Drinking and engaging in water sports also can be a dangerous combination, Roberts said. The Ada County Sheriff’s Office prohibits drinking within 100 feet of the Boise River, but it’s no secret how much that’s ignored, Roberts said.
“There seems to be a lot of drinking that’s occurring on the Boise River when folks are floating,” he said.
Roberts said his teams don’t collect information on how many people they rescue who had been drinking, since they are not law enforcement officers.
Next summer, Roberts said the fire department wants to collect more data, including how many people are floating the river and how many of them wear life jackets.
Incidents at Lucky Peak, on Boise River
At Lucky Peak Lake, two recreationists died in July, including 16-year-old Bobby Sichulailuck, whose body was recovered on Aug. 3. A 49-year-old paddleboarder drowned near Spring Shores Marina.
A 46-year-old swimmer likely drowned while boating with friends on July 31. His body has not been recovered.
Roberts said that although Lucky Peak is not technically in Boise, the fire department assists with rescue operations when a swimmer goes missing. After 90 minutes, though, the operation changes from a “rescue” to a “recovery,” and then the fire department no longer assists.
Although there have not been any deaths on the Boise River this summer, Roberts said there have been injuries and close calls.

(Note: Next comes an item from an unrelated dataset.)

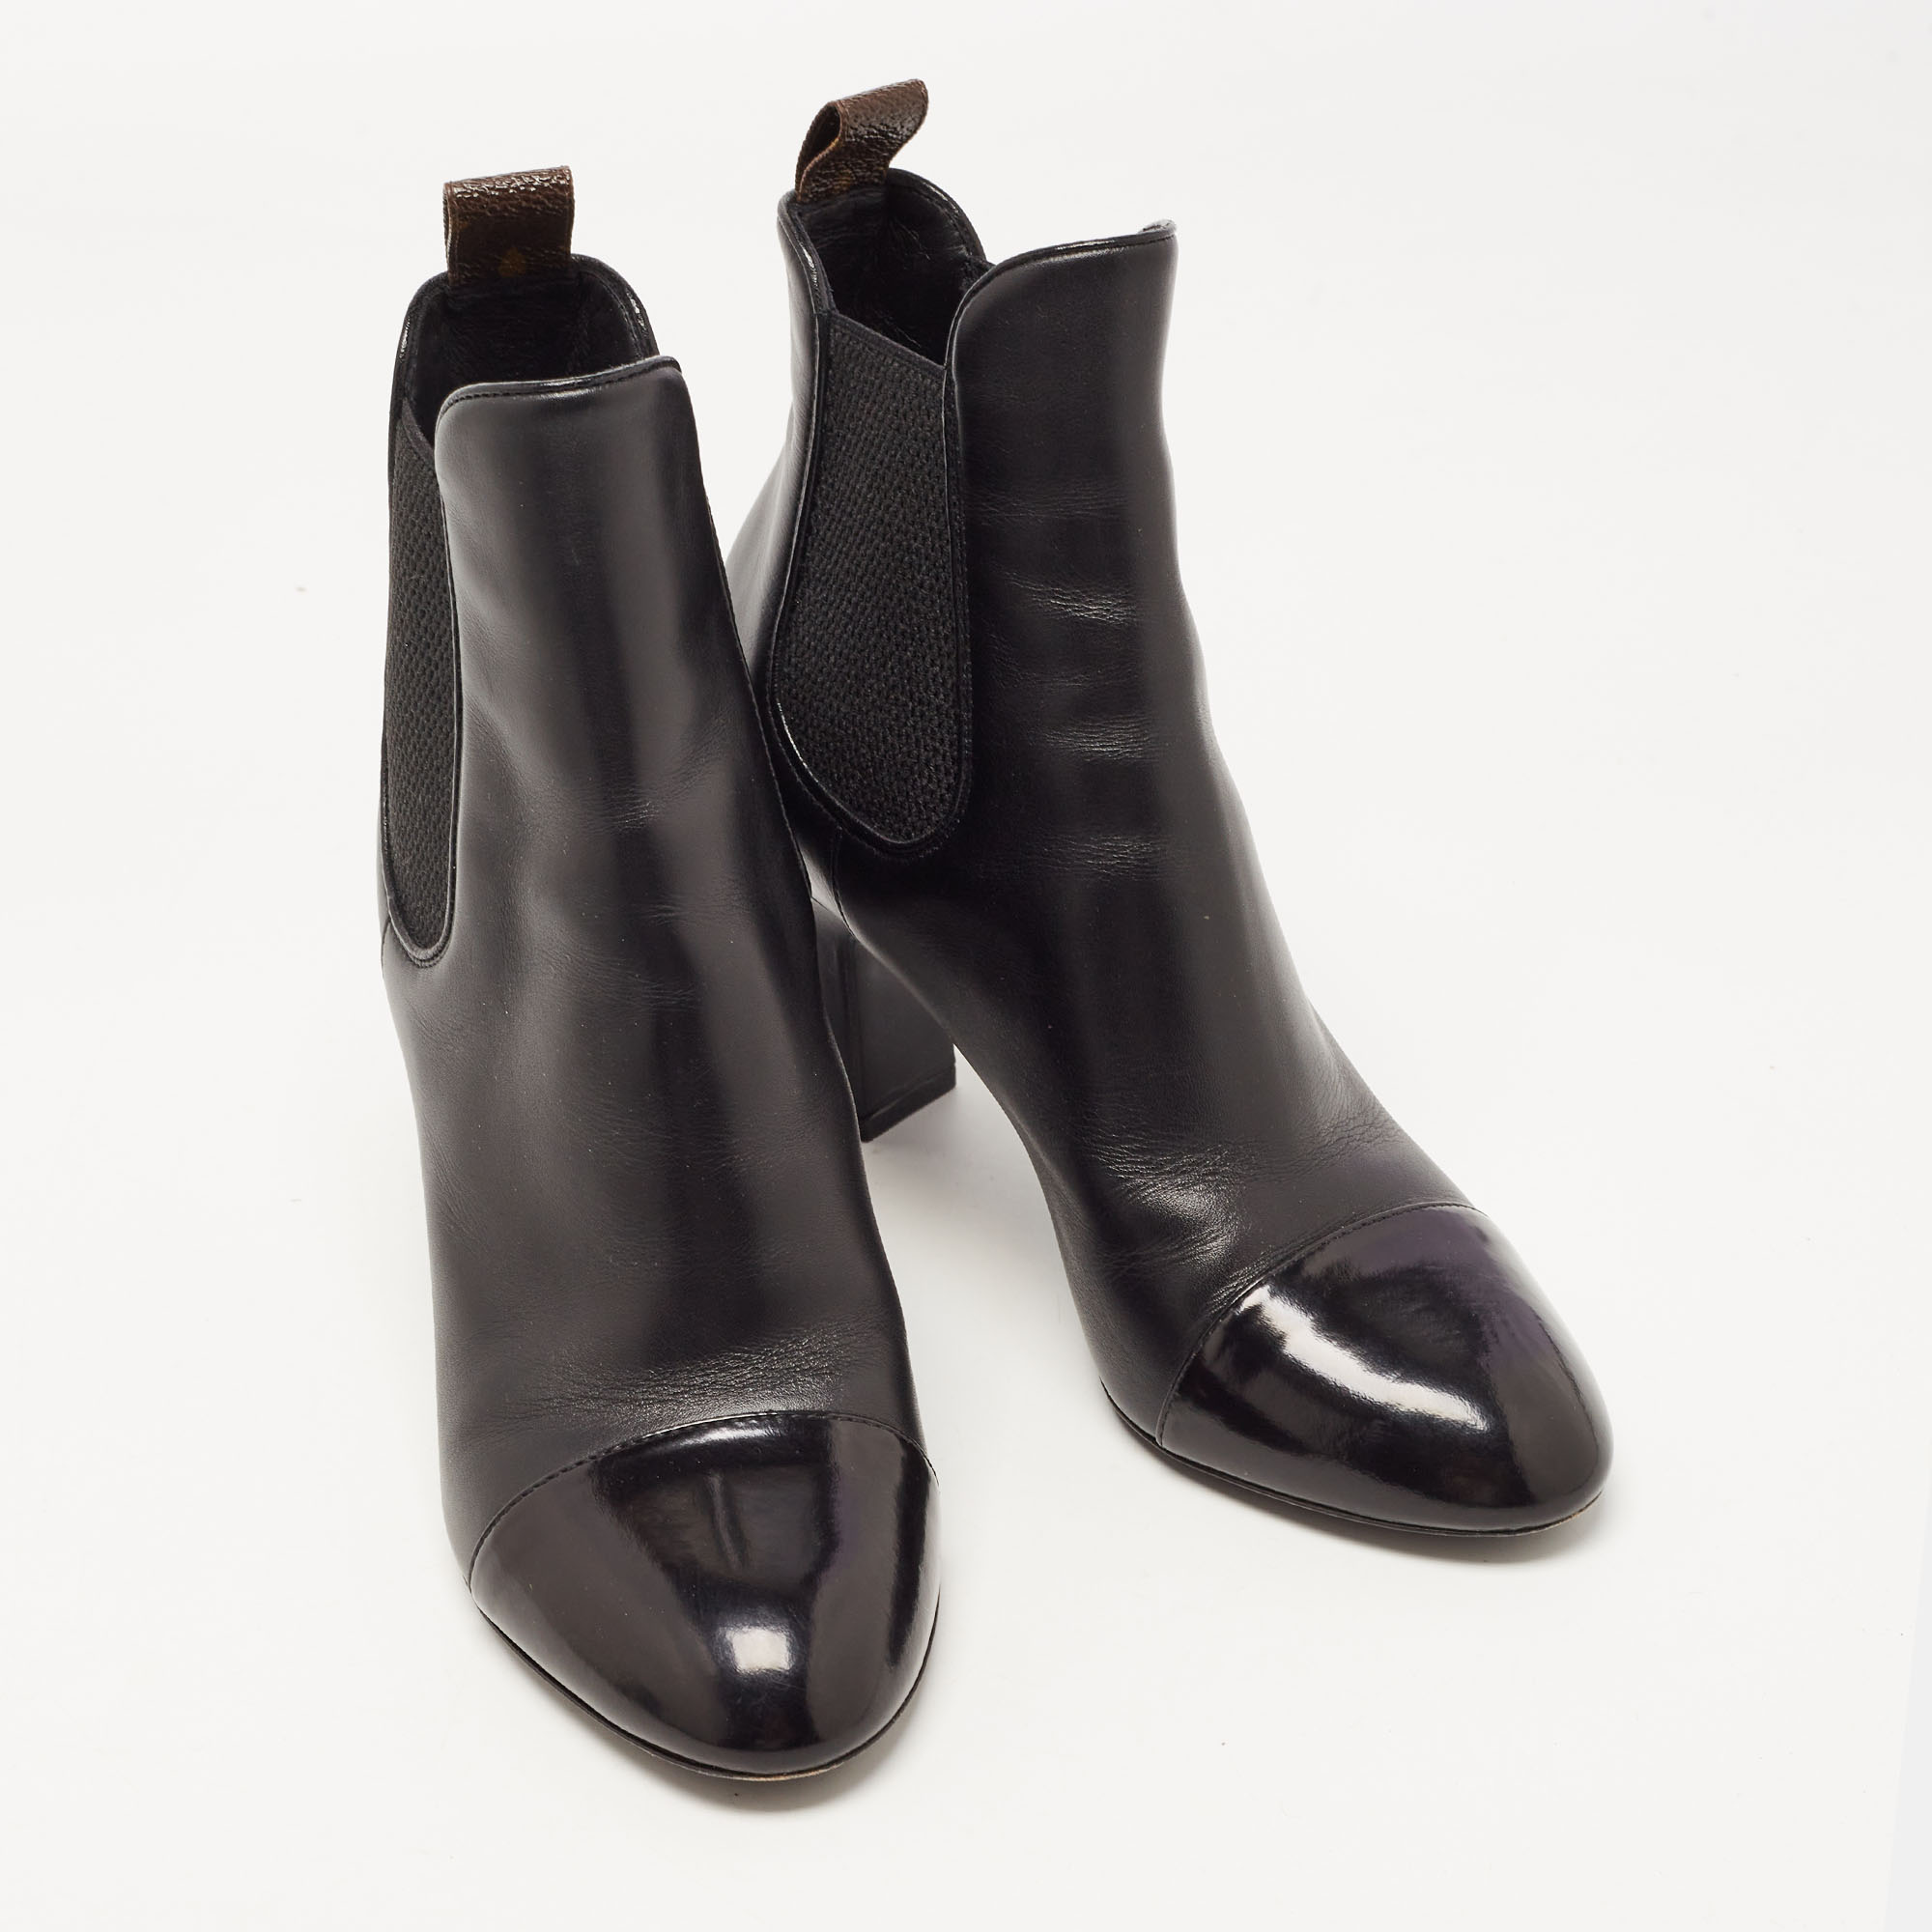 Louis Vuitton Black Leather Ankle Boots Size 35

He cited one instance in which a group of floaters tied their rafts together but were split by a bridge piling. One person fell out and was pinned underwater against the piling and caught in the rope tying the tubes together. Boise Fire Department staff were nearby and able to intervene quickly.
“Fortunately the crew was actually right there doing another call when that occurred, and they were able to cut that person free immediately,” Roberts said. “Had we not been out there, I can only imagine what kind of negative outcome could have occurred.”
Another incident occurred on Aug. 7, when a bridge jumper sent two floaters to the hospital. Once again, Boise Fire Department swift water rescue units happened to be on shore monitoring the float and were able to help quickly.
On the very first day of float season this year, Boise Fire Department dive teams performed 14 rescues, four of which were life-saving or life-threatening, according to a tweet.
Roberts urges water safety measures for recreationists
Roberts said he offers the same advice to people swimming and boating at Lucky Peak as he does to floaters on the Boise River: wear a life jacket, avoid drinking too much and be aware of your surroundings.
If you are in an emergency situation, Roberts said you should call 911 and give your specific location so rescue crews know where to respond. For non-emergencies, floaters should contact Boise Parks and Recreation, Ada County Parks and Waterways or the rental company.
Advice from the city of Boise’s website about how to stay safe while floating includes understanding your abilities and the conditions of the river, never floating alone and wearing the proper gear, including life jackets, protective footwear, and helmets for kayakers and canoeists.
“It doesn’t really take much to cause a disaster,” Roberts said. “We encourage people to not just have the life jackets, but have them on.”
The Cooper family takes this advice to heart: Savannah and Cameron said that even if wearing a life jacket were optional, they think their mom would still make them do it.
“That’s probably true,” Erin Cooper said.